Patients infected with HIV-1 subtype C failed antiretroviral therapy significantly earlier than did HIV-1B–infected patients, especially when they received ritonavir-boosted protease inhibitors instead of nonnucleoside reverse transcriptase inhibitors, according to a Swedish national cohort study.
“As low- and middle-income countries are poised to scale up second-line antiretroviral therapy containing ritonavir-boosted PIs [protease inhibitors], a concern is that PIs will be less efficient in patients with HIV-1C,” said Dr. Ujjwal Neogi of the Karolinska Institute in Stockholm and his associates. “Studies of new drugs such as integrase inhibitors should be done in patients with HIV-1C and other non-B subtypes, which are responsible for the greatest global HIV burden,” they wrote online in the Lancet HIV.
HIV-infected patients in low-income and middle-income countries often receive second-line boosted PI-based regimens, but few studies have rigorously looked at treatment response for the HIV-1C subtype, which causes most infections in countries such as Ethiopia, India, and South Africa, the investigators noted. They studied more than 99% of Sweden’s HIV-positive population to identify predictors of virologic failure. The dataset included 1,077 HIV-1B–infected patients and 596 HIV-1C–infected patients; 90% of the latter were immigrants (Lancet HIV. 2016 Mar 14. doi: 10.1016/S2352-301800023-0).
Predictors of primary virologic failure included higher baseline viral load (odds ratio, 1.8; 95% confidence interval, 1.5-2.2); subtype C infection (OR, 1.75; 1.1-2.9), and boosted PI-based regimens (OR, 1.55; 95% CI, 1.5-2.1). After adjustment for transmission route and duration of antiretroviral therapy, time to secondary virologic failure on boosted PI-based regimens was significantly earlier for HIV-1C–infected patients, compared with HIV-1B patients (hazard ratio, 1.8; 95% CI, 1.3-2.9). However, HIV-1 subtype did not significantly predict time to virologic failure for nonnucleoside reverse transcriptase inhibitor–based regimens.
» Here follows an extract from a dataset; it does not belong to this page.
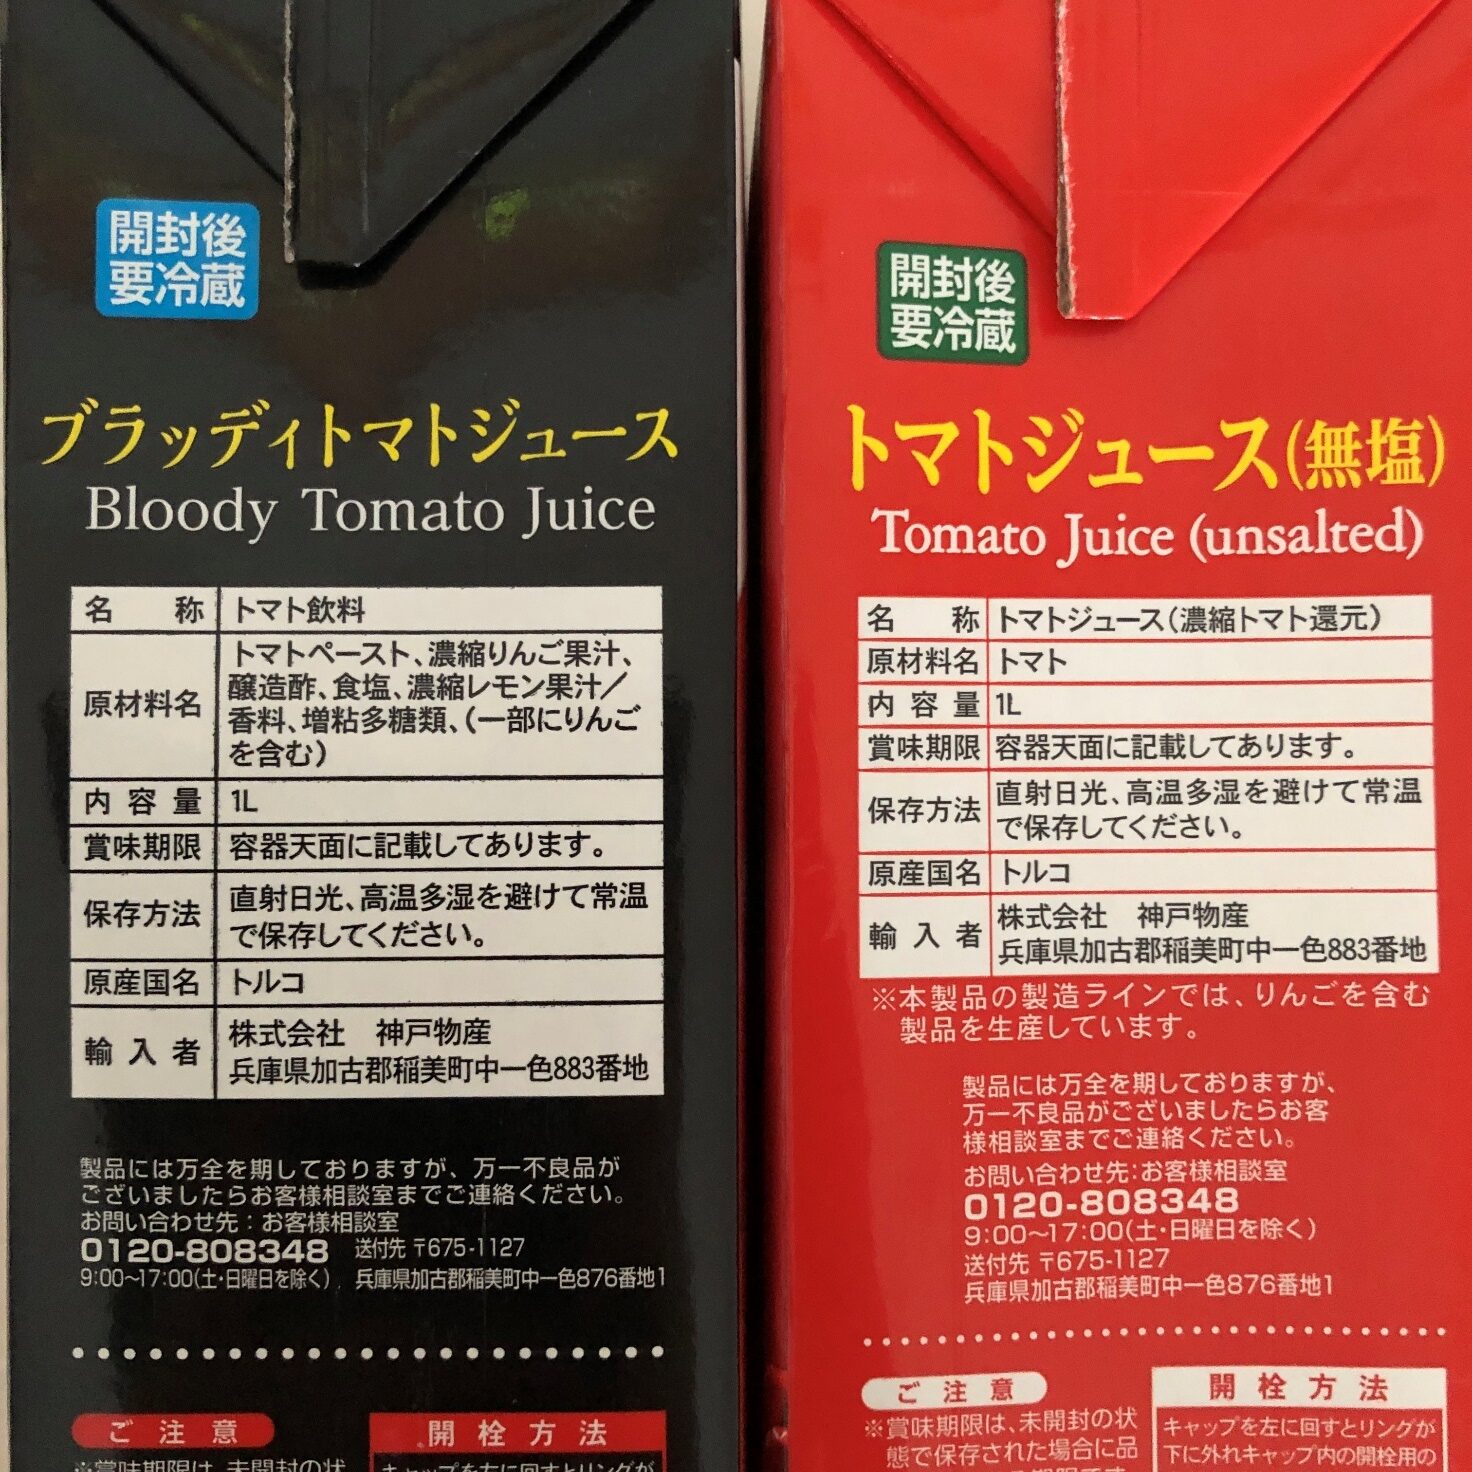 業務スーパーのブラッディトマトジュースと無塩トマトジュースの原材料名・原産国名の表記

“The poorer treatment outcome occurred in the patients with HIV-1C despite developed clinical care, modern laboratory monitoring, and focused adherence support at highly HIV-specialized infectious disease clinics in a high-income country,” the researchers wrote. Self-reported adherence to therapy did not differ by treatment regimen or HIV-1 subtype, although adherence data were available for only about a third of HIV-1C–infected patients, they added.
Homology-based molecular modeling also seemed to show a lower affinity between the PIs darunavir and lopinavir and the HIV-1C protease, compared with the HIV-1B protease, said the researchers. “Naturally occurring polymorphisms in HIV-1C protease might affect the binding of at least some protease inhibitors, potentially contributing to the differences we observed,” they concluded.
The study was funded by the Karolinska Institutet Research Foundation, Swedish Research Council, Stockholm County Council, Swedish Physicians against AIDS, National Institutes of Health, and University of Missouri. The investigators had no relevant financial disclosures.